**Stored data:**
□ □ □

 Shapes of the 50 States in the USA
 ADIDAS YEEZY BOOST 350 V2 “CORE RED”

□ □ □

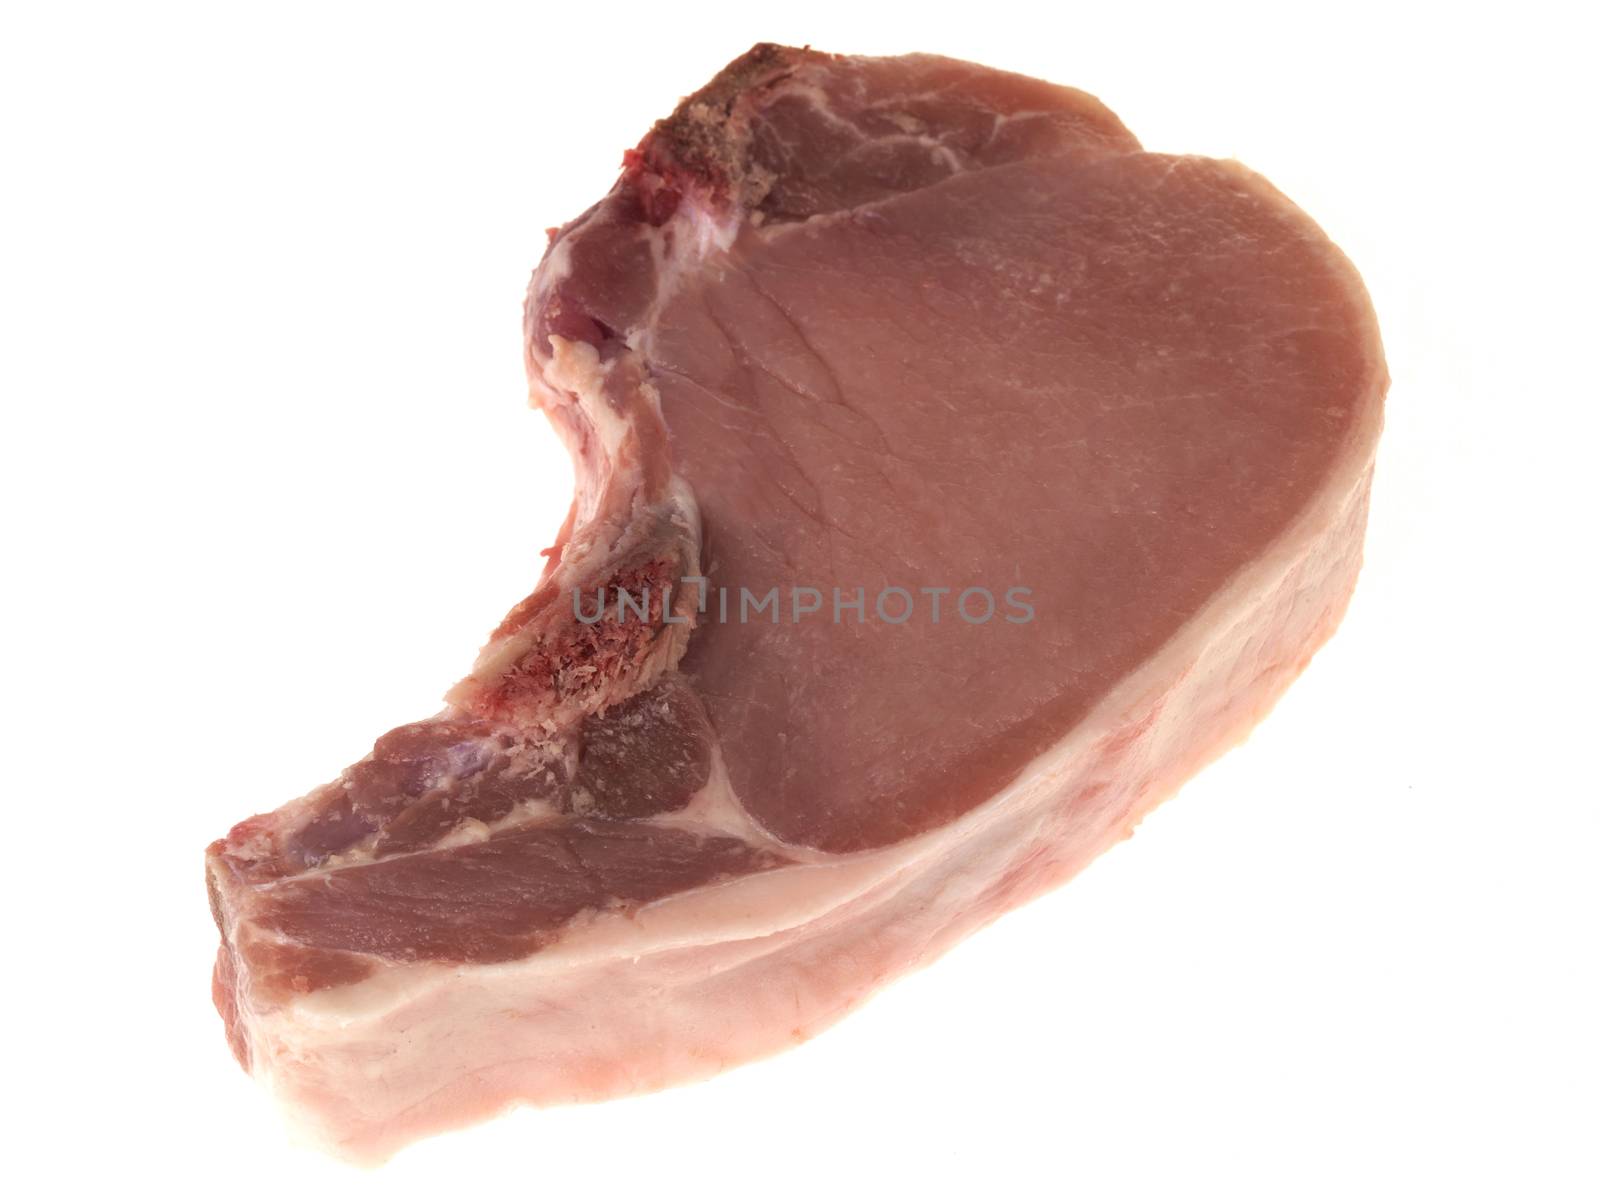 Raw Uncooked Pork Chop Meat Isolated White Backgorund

□ □ □

**What the task requires:** Find where the line with "Shapes of the 50 States in the USA" sits in the material above, then copy exactly from it through the line with "ADIDAS YEEZY BOOST". Add no other line.

**Output of the exercise:**
 Shapes of the 50 States in the USA
 ADIDAS YEEZY BOOST 350 V2 “CORE RED”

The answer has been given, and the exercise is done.